The issue of free speech has come to light in America recently, with a case in which the U.S. Supreme Court declined to consider if a New Mexico photography company should be able to refuse to record a same-sex couple’s commitment ceremony on the grounds of freedom of speech. The case has been in discussion since 2006. It showcases the consternation that still surrounds the issue of freedom of speech, even in mainly emancipated countries, and the too-often conflated ideals of free expression and hateful bigotry. This list numbers ten countries worldwide with the highest rates of freedom of speech, and looks at the various specific regulations pertaining to their media.
At number ten as of 2014 is Jamaica, which has undergone something of a revelation in terms of the popularisation of freedom of speech in the last four years. In late 2010 Miss Jamaica World 2010 and Harvard Law School graduate Chantal Raymond established a blog, freespeechjamaica.com, which aimed to create awareness of the issue and a forum for freedom of speech and expression in the country. The blog is endorsed by the Media Association of Jamaica Limited, and to date has addressed topics such as libel law reform and Jamaica’s limitations as to free speech and censorship. The ‘about’ section of the blog itself states that its aim is “to bring awareness to the importance of freedom of expression, to illuminate any form of censorship and limitations on freedom of expression which aims to promote silence, and to give voice to the disenfranchised and neglected in society”, which has clearly been a success thus far.
The freedoms of speech and of the press are guaranteed in the constitution of Chile, which is the ninth freest country in the world in terms of speech and expression. In 2013, the country accordingly scored a press freedom score of thirty-one on a scale of nought to one hundred, with zero being the highest level of freedom possible. While the country does have some limitations — Chile’s two main media companies, Copesa and El Mercurio, have control over 90% of the country’s newspapers, which is somewhat problematic in terms of media pluralism — it equals the balance with total freedom in other areas, such as there being no government restrictions whatsoever on the Internet.
At number eight is Uruguay, by all accounts a generally forward-thinking and liberal country in many respects: it has recently legalized marijuana use, same-sex marriage, and is the second country in Latin America to have legalized abortion. The country also boasts President José Mujica, who is a man known worldwide for being the world’s poorest president; instead of living lavishly, he gives away a startling margin of his income to charities, and drives a Volkswagen Beetle. As would presumably follow, the country as a whole has a notably tolerant attitude to journalism and freedom of speech, with politicians attacking the media only in very rare cases, and a general widespread understanding that the media has a large amount of scope and should not be retaliated against as a viable reaction — in short, Uruguay’s attitude to free speech is a healthy and exemplary one.
Freedom of speech is again a part of the constitution of the country at number seven, Portugal.
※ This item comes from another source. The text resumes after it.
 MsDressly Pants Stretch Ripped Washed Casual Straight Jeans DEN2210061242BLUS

A recent report on Portugal’s human rights stated that the country’s government generally responded well to the provisions for freedom of speech and of press in practice. The country has an independent press, a democratic political system and an effective system of courts of law in relation to the administration of justice, which help to ensure consistent freedom of academia, press, and speech.
At number six is Estonia. Article 45 of the Estonian Constitution guarantees the right to freedom of speech and of expression of opinions, and the country has a press freedom score of sixteen on the aforementioned scale of nought to one hundred. Political strain and tensions between Estonia and Russia can sometimes affect media freedom within the country, which implicitly inhibits the level of freedom of speech in Estonia as a whole. However, this is countered somewhat in the significant presence of media available in the Russian language in Estonia for the high level of Russian-speakers that help to make up the country’s population.
5. United States
At number five is the Land of the Free, the United States of America. The US is a party to the Universal Declaration of Human Rights and the International Covenant on Civil and Political Rights, both of which state an individual’s right to freedom of expression and speech, so it is unsurprising that the country should rank so highly. The approach of the United States in this regard adheres to the idea that free exchange of ideas promotes understanding and advances illumination of both truths and falsehoods.
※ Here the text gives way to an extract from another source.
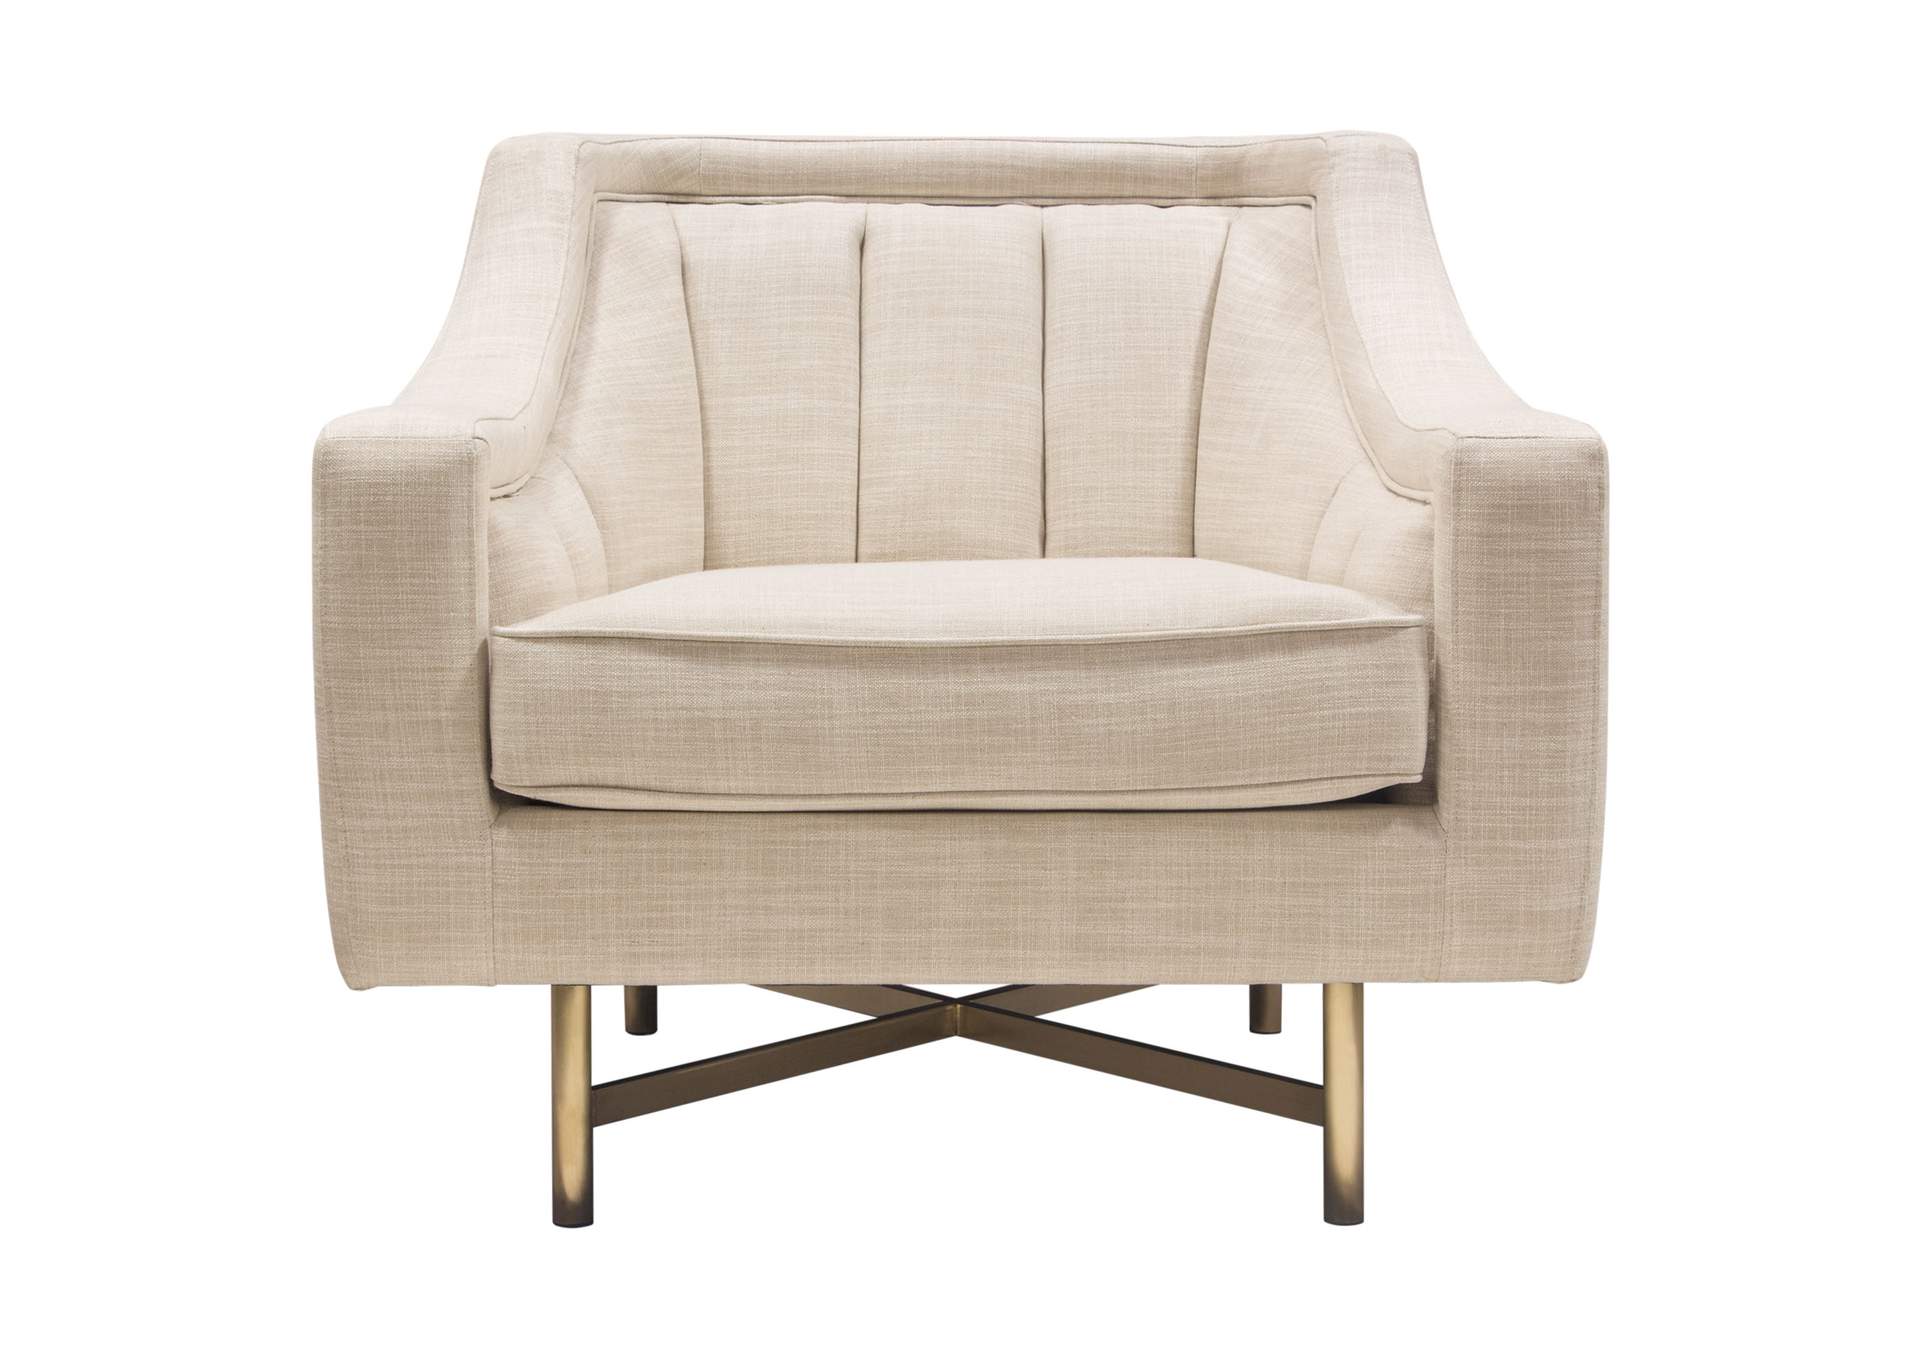 Croft Fabric Chair in Sand Linen Fabric w/ Accent Pillow and Gold Metal Criss-Cross Frame by Diamond Sofa,Diamond Sofa

Nowadays, freedom of speech in Japan is constitutionally well-protected. However, this wasn’t always the case; prior to the new constitution of 1946, freedom of speech was granted by the Emperor but was subject to any restrictions imposed by the statutes. As a result, freedom of speech and expression was inhibited under the Public Peace Preservation Act, the Newspapers Act, and the Publications Act. Freedom of speech was severely inhibited and limited prior to World War II, but Japan now demonstrably ranks fourth in the world for freedom of speech, a dramatic and important turnaround for the country.
3. United Kingdom
The United Kingdom is renowned worldwide for its respect and tolerance towards free speech, and has included the European Convention on Human Rights in its laws since 1998. The observation of this convention means that limitations can in some cases be imposed on the practise of free speech: for example, should the freedom of expression in question be deemed a danger to national security, it can be opposed, as can free speech which threatens health or morals, or the protection of a person’s rights or reputation. Whether or not this is in some ways a violation of the very principle of the notion of free speech remains to be seen.
Australia is not, in fact, party to any bill of Rights, meaning that freedom of speech is not protected officially in the country. However, in 1992 it was decreed that the country’s constitution implies a freedom of political speech, so technically Australian citizens are free to speak about politics in any way, shape or form. While this doesn’t officially extend to any area outside of the political, to be able to voice any opinion whatsoever on a country’s government implies a certain amount of power, and may account for Australia’s high placing on this list. In any case, the government needn’t worry about what people are saying, as Australia has one of the highest government approval rates in the world.
1. New Zealand
The number one country for freedom of speech is New Zealand. The country’s 1990 Bill of Rights act states that “everyone has the right to freedom of expression, including the freedom to seek, receive, and impart information and opinions of any kind in any form”, a pretty much definitive explanation of free speech. As of 2013, the country ranks 8th in the Press Freedom Index, and its relaxed and inclusionary attitude to freedom of speech and expression has been attributed to its being a parliamentary democracy.